Over the course of this period, it would pick up dozens of samples left on the surface by Mars 2020 and Rosalind Franklin, choosing the 30 or so most scientifically interesting to send home. After several months of collecting samples, the Fetch Rover would arrive at the Mars Sample Retrieval Lander. This is a spacecraft that has many similarities to NASA’s Curiosity and Mars 2020 rovers. It would use a heatshield then parachute as it enters the Martian atmosphere, finally lowering the ascent rocket to the surface of Mars.
It would sit on Mars for up to 150 days, waiting for samples from the Fetch Rover. When the samples were loaded on board, the Ascent Vehicle would fire its hybrid or solid rocket motor, carrying the samples into a 350-km altitude orbit. Then it would be intercepted by ESA’s Earth Return Orbiter, making a completely autonomous rendezvous millions of kilometers from Earth.
It’ll then use a solar-electric ion engine to make the long journey back to Earth. And then, sometime in the 2030s, scientists will get their hands on about 500 grams of material from the surface of Mars.
In early 2019, the White House included money in their proposed budget for a Mars Sample Return mission, which ideally could launch as soon as 2026. Although a mission like this has been proposed many times before, this is the first time that actual funding was set aside.
Government gave NASA $109 million in 2020 to work on “future Mars activities” which is essentially the sample return mission. So now, after almost 50 years of planning, a serious sample return mission to Mars is in the works.
When was the mission first planned
NASA has actually been planning for a Mars sample return mission since the early 1970s, even before the launch of the Viking spacecraft.
Why it is needed to bring the samples
The goals of a return mission would include the search for life, not just life today, but past life, and even the chemical precursors of life.

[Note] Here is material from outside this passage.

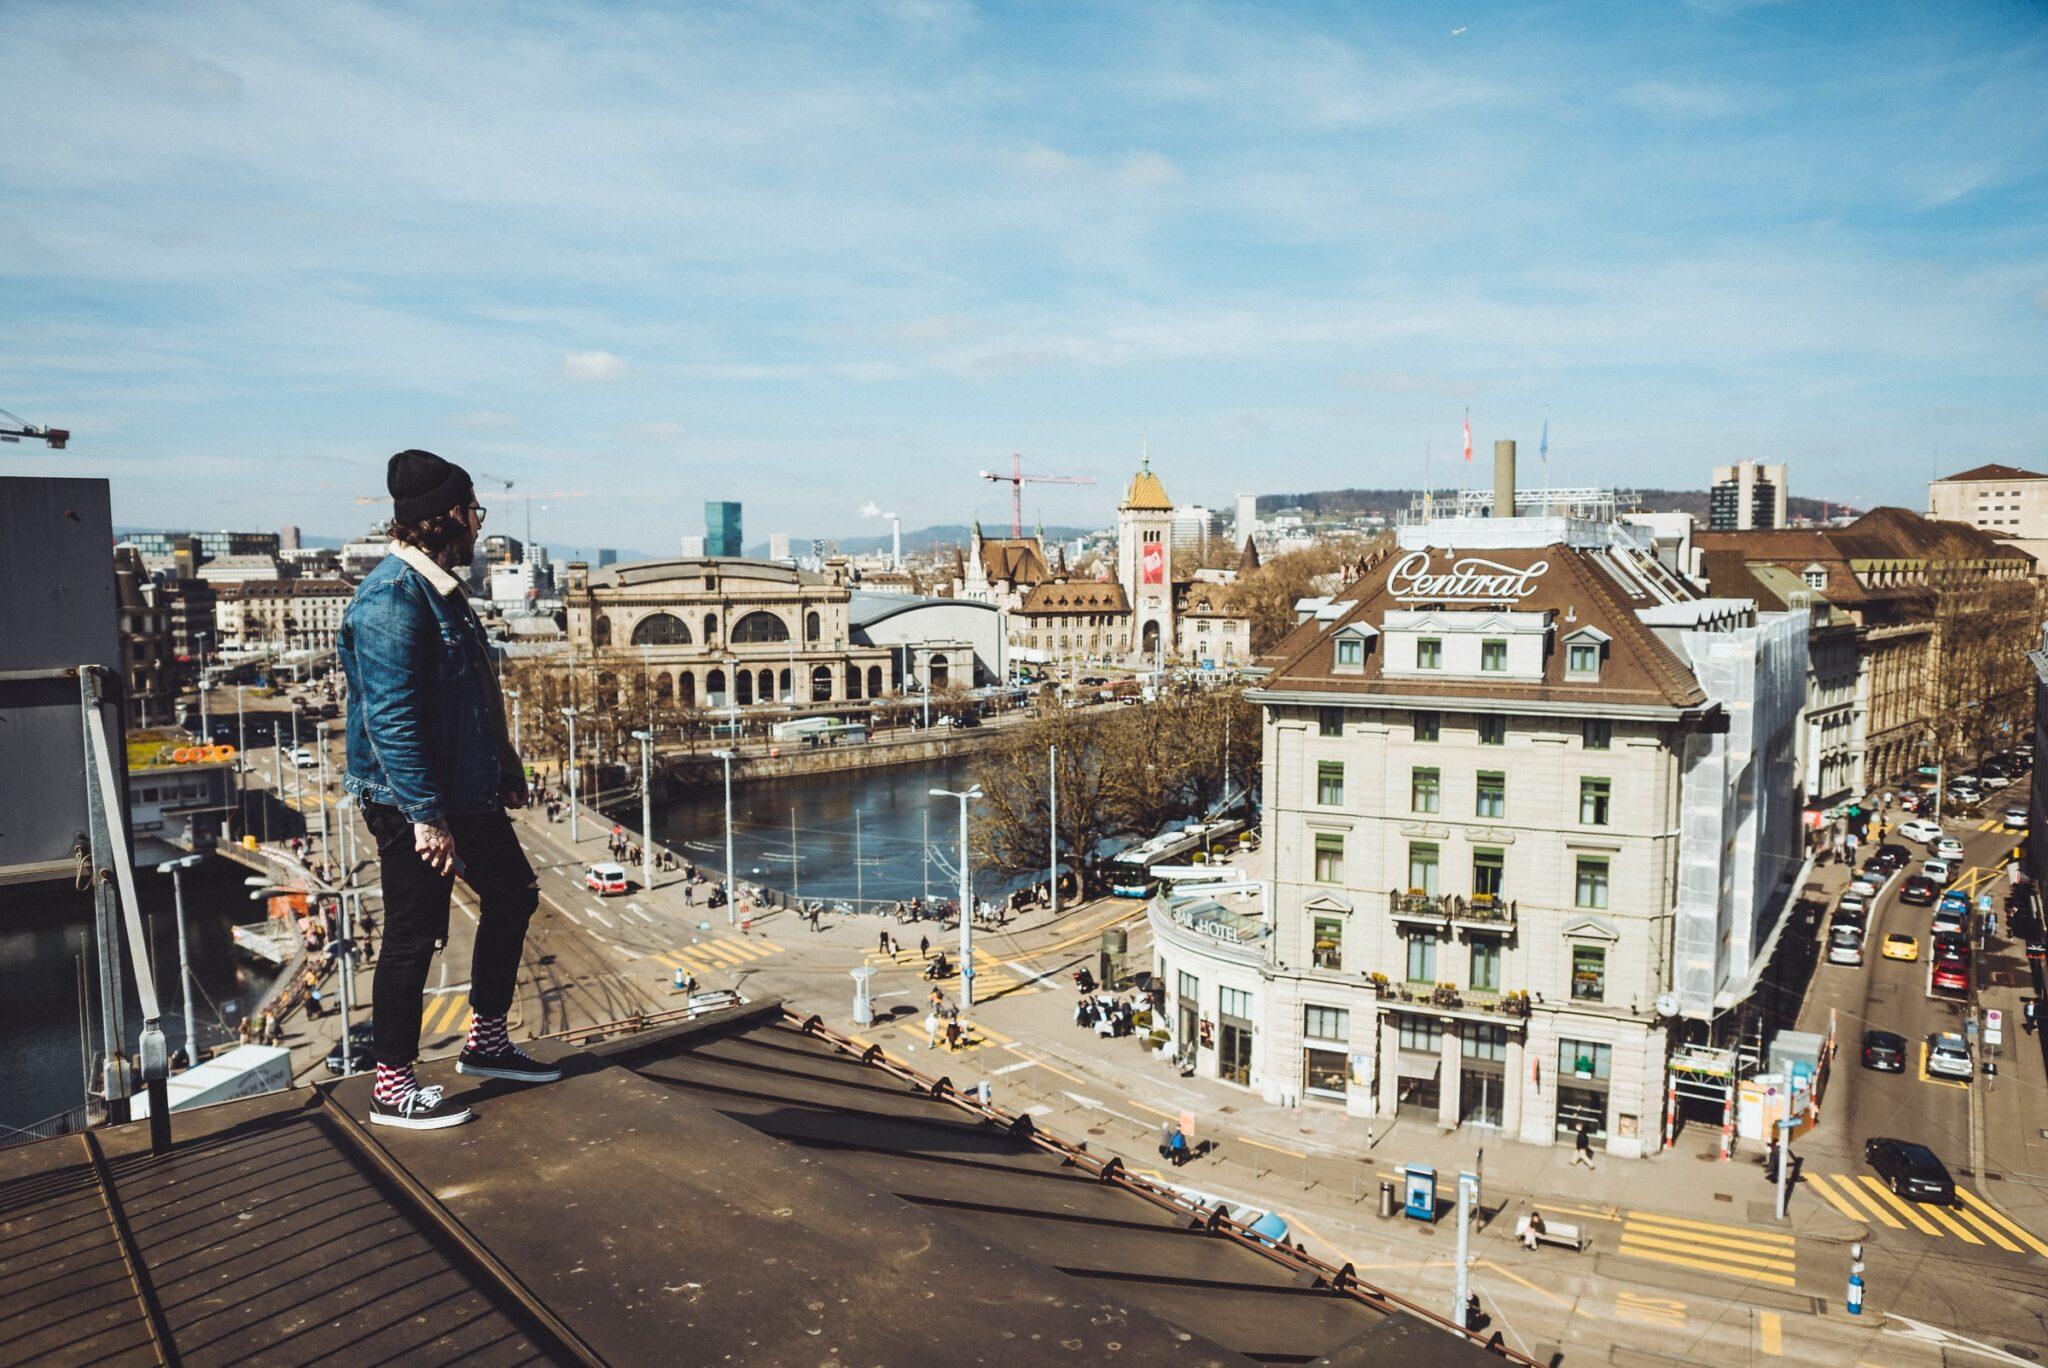 Ein Mann steht auf einem Dach in Zürich

By returning samples of Mars back home, scientists could perform all kinds of experiments on the Martian surface, exposing it to water, thicker atmosphere and nutrients to see if there’s any active bacteria.

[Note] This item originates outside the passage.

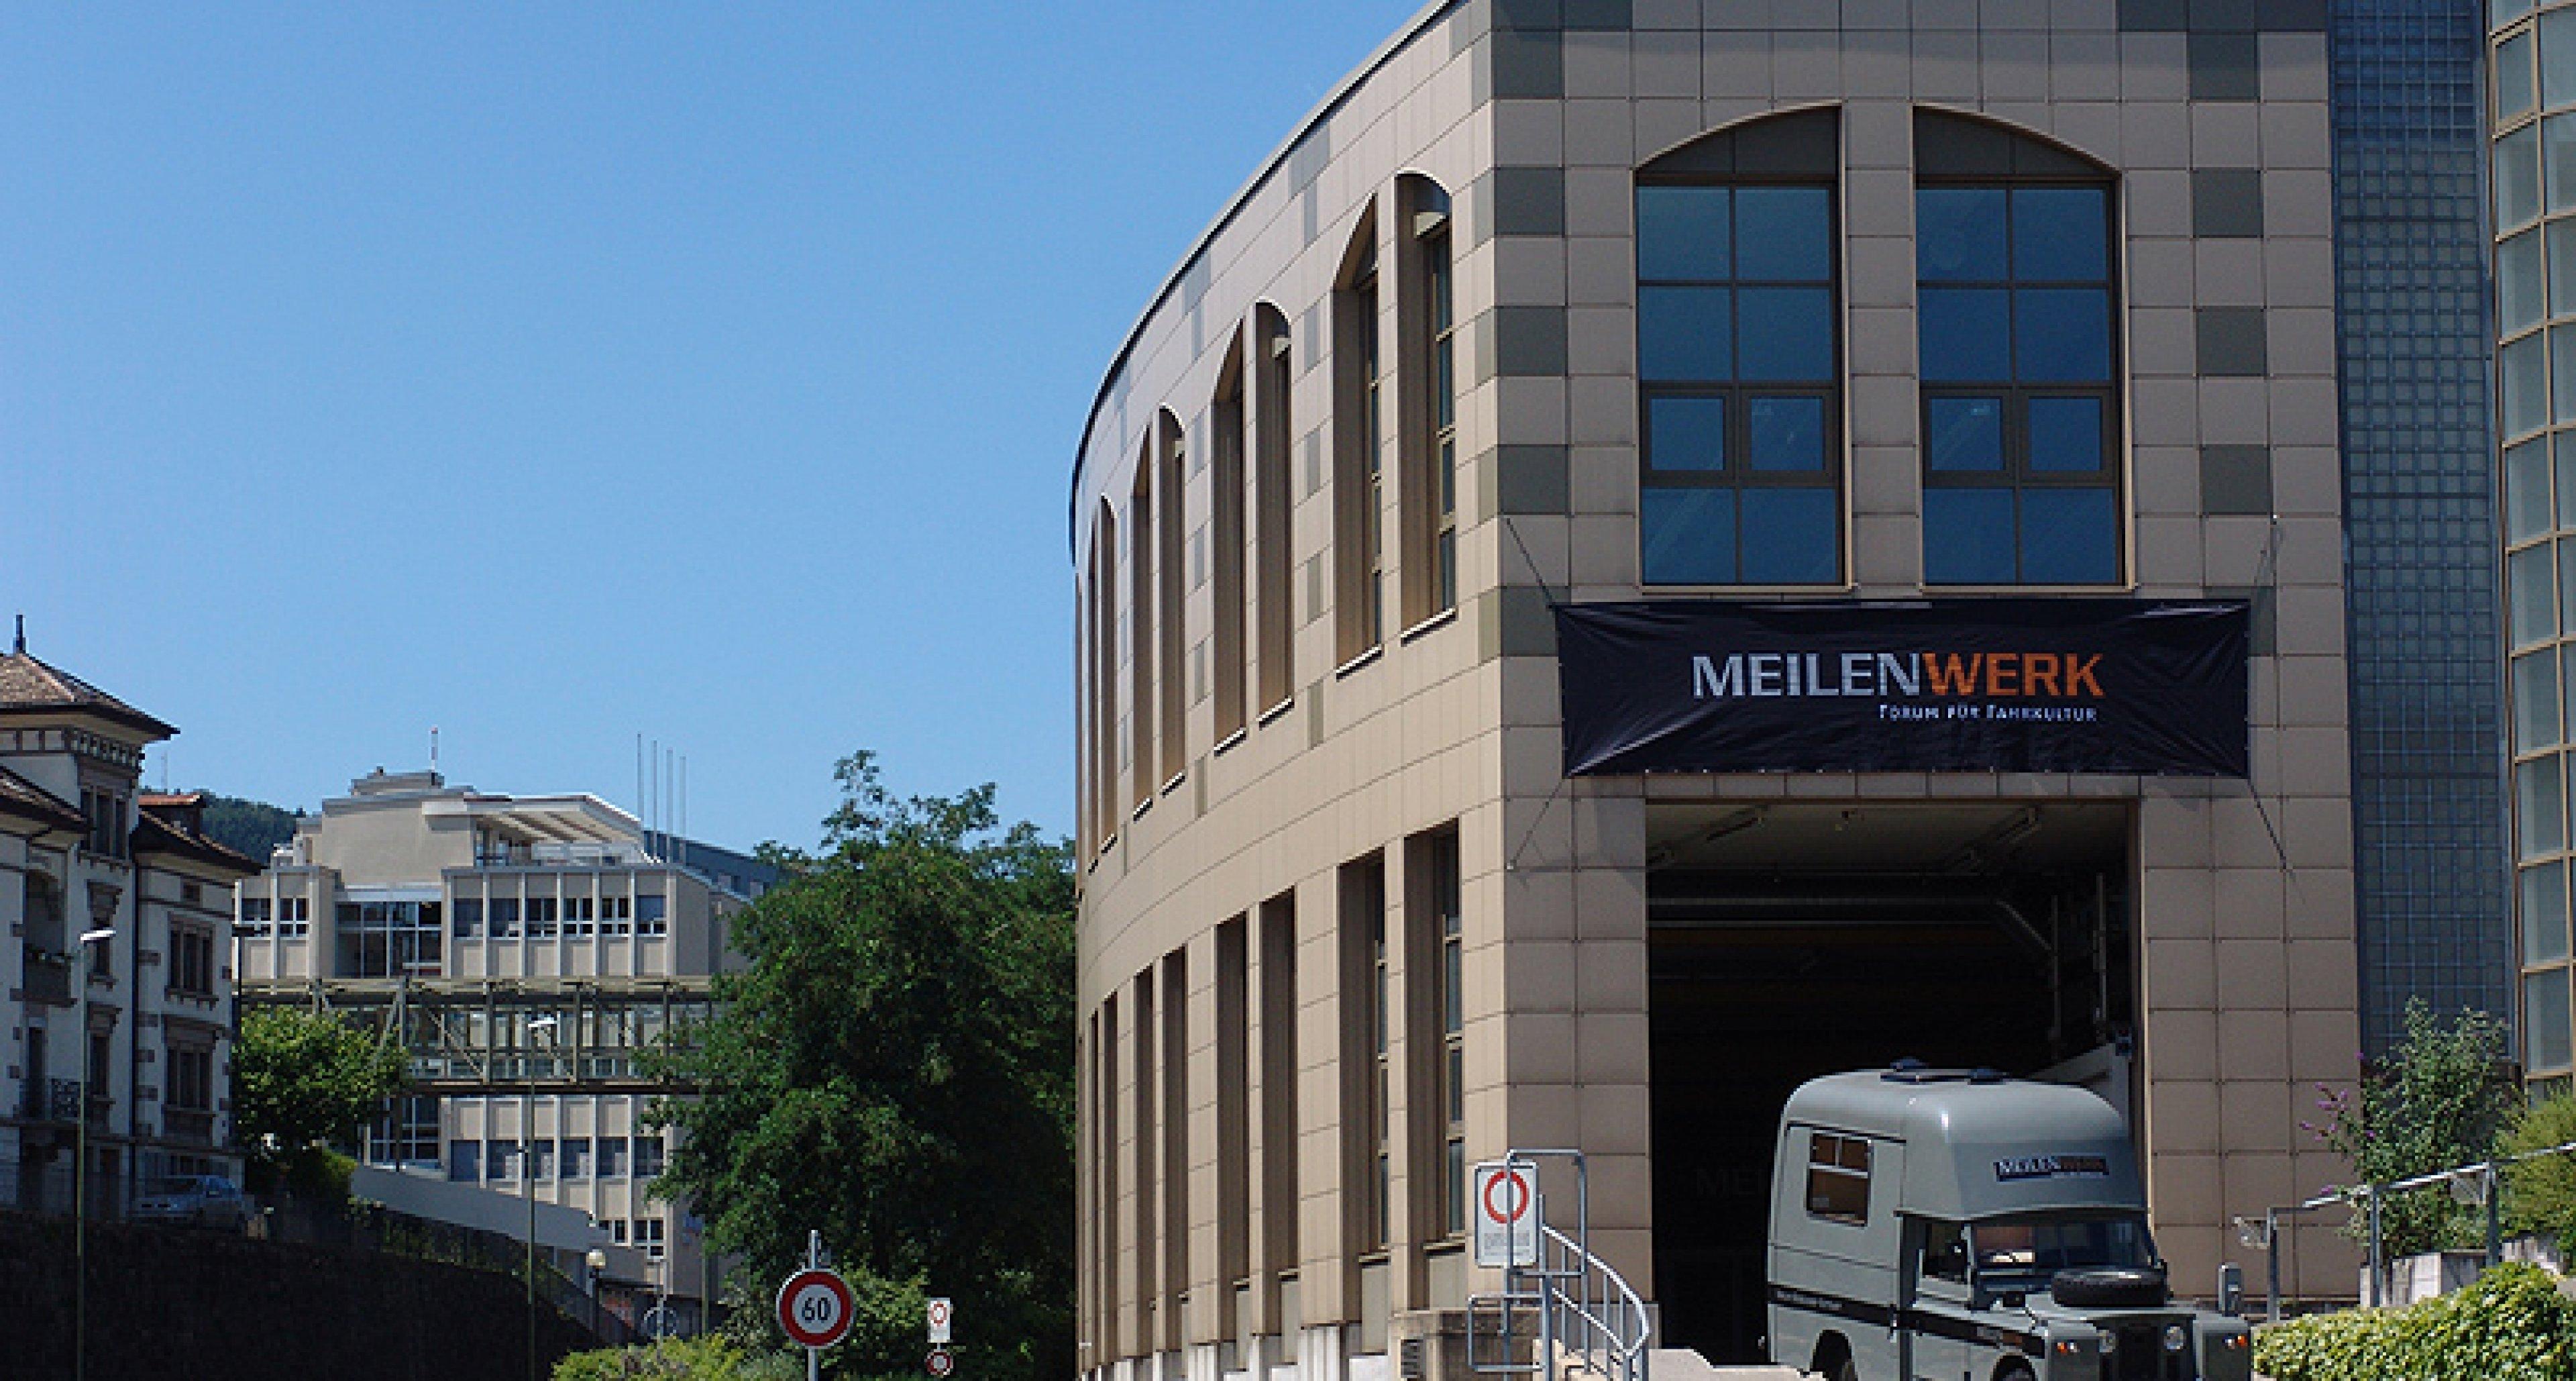 Sneak Preview: Meilenwerk Zurich

This experiment was attempted with Viking, but the results were inconclusive and planetary biologists still argue over them. They could analyze the samples under powerful microscopes, searching for any microscopic fossils, or any other indication there’s life there.
In addition, scientists could understand the history of the surface of Mars, and how it was affected by water over millions of years. Samples could be returned from some of the most interesting spots, like the sediments of lakes, deposits around hydrothermal vents, and the deltas of ancient rivers. They could bring back samples from recent and ancient meteorite strikes, volcanic eruptions, and regions that were exposed to wind for a long time. They could also study the long-term history of Mars over billions of years, to try and understand when vast planetary changes occurred to make the planet so cold and dry.
By studying these samples, scientists could match up the atmospheric sample with the gases found in those Mars rocks to be certain they came from the Red Planet. They’d be able to study the Martian dust up close, you know, the dust that can form planet-wide storms capable of ending rover missions, and could be a risk for future astronauts. The proposal was made in 2001, for a mission that would fly in 2007 and return samples by 2010, but it never got off the ground. Finally after nearly 2 decades the Mars 2020 rover is ready to take off.